Pfarrerin, Pastoralpsychologin
Supervisorin (DGfP), Gestaltseelsorge
Superintendentin
Sie sind wie Geschwister in meiner Berufsbiografie: Das „Pastorale“ und das „Psychologische“. Ich brauche beide ganz essenziell, um den Herausforderungen im Krankenhaus gewachsen zu sein.
Denn Klinikseelsorge bedeutet ja, im Auftrag Jesu Kranke zu besuchen. Konkret heißt das für mich, immer wieder losgehen hin zu den Menschen im Krankenhaus und mich so wie ich bin auf die Begegnung mit ihnen einzulassen, ohne schon vorher zu wissen, was geschehen wird. Dabei aber auch nicht absichtslos zu kommen, sondern bereit zu sein, mich mit meinem Gegenüber auf die Suche zu begeben nach den Hoffnungsspuren, die sich vielleicht abzeichnen. Oder gemeinsam zu entdecken versuchen, welche tragfähigen Vergewisserungen es wieder geben kann.
Für mich ist es eine der größten, schwersten und schönsten Herausforderungen, denen wir uns als Klinikseelsorger*innen täglich stellen, Worte zu finden, Ausdruck, Gesten und Riten für das, was Menschen in Leben und Glauben brauchen, so dass sie sich darin wiederfinden, gemeint und geborgen fühlen. Auch wenn es manchmal der einzige Trost zu sein scheint, dass wir die Trostlosigkeit mit aushalten. Hin und wieder fühle ich mich dabei, als arbeite ich im Grenzgebiet - nämlich an der Grenze des Bewährten, des Vertrauten, an der Grenze menschlicher Möglichkeiten, oft auch des Sprachlichen, des Glaubens, aber auch an den Schnittstellen zu anderen Wirklichkeitssichten, sehr oft an der Grenze zwischen Leben und Tod. Doch gerade die Bibel bezeugt uns ja, dass der Geist Gottes ein Grenzgänger und Grenzüberwinder ist.
Vielleicht wird so schon verständlicher, dass es also für diese Arbeit unbedingt beides braucht: Das „Pastorale“ und das „Psychologische“. Ich selber habe es in meiner KSA-Ausbildung gefunden und kann sie allen, die in der Klinikseelsorge arbeiten wollen, nur weiter empfehlen. Denn da wird kein trockener Stoff vermittelt, sondern erfahrungsbezogen gelernt. KSAler gehen in die Seelsorgepraxis und reflektieren anschließend in der Ausbildungsgruppe, was sie erlebt haben. Dabei werden sie auch hilfreiche Theoriekonzepte aus Theologie und Humanwissenschaften nutzen, die zum tieferen Verstehen beitragen.

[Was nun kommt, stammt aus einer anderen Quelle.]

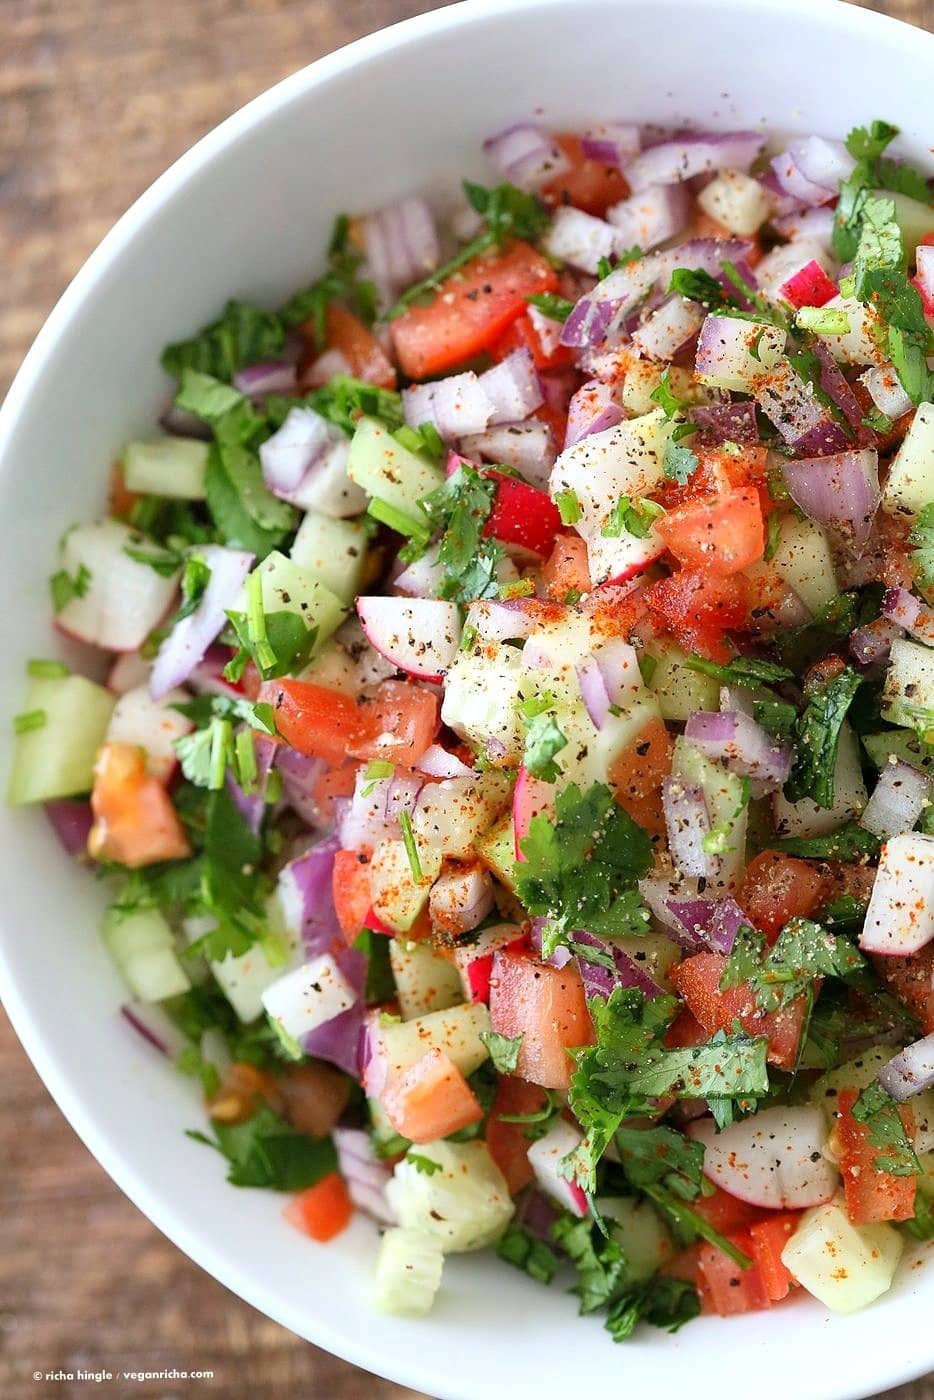 Kachumber salad made with chopped cucumber, tomato, and onion.

Erst so wird Lernen nachhaltig möglich und verflüchtigt sich nicht schnell wie angepauktes Wissen nach einer Prüfung. Ich kann aus eigener Erfahrung sagen: DGfP-Wege sind Entwicklungswege. Und das vielleicht Wertvollste daran: Wer sie nutzt, setzt sich nicht nur mit dem auseinander, was andere betrifft, sondern auch mit der eigenen Person. Denn nur, wenn ich mich als Seelsorgerin selber besser kennenlerne, kann ich mich wirklich auf andere Menschen einlassen.
Ich kann hier nur skizzieren, was pastoralpsychologische Seelsorge in allem Schweren sinnhaft, spannend und wertvoll macht. Doch wer sich darauf einlässt, mag selbst erfahren: Sie bringt uns in Berührung mit den wesentlichen, den aufrichtigen, den tragenden Dingen im Leben und das heißt ja auch mit einem Leben eröffnenden Glauben.
Annette Sachse, Pfarrerin in der Klinikseelsorge – Charité – Campus Benjamin Franklin, Berlin – Steglitz, Beraterin und Lehrsupervisorin (DGfP), KSA-Kursleiterin
Pastoralpsychologisch orientierte Seelsorge als Arbeits- und Handlungsfeld verbindet für mich theologisches Denken und psychologische Verstehensmodi und eröffnet so einen eigenen hermeneutischen Zirkel.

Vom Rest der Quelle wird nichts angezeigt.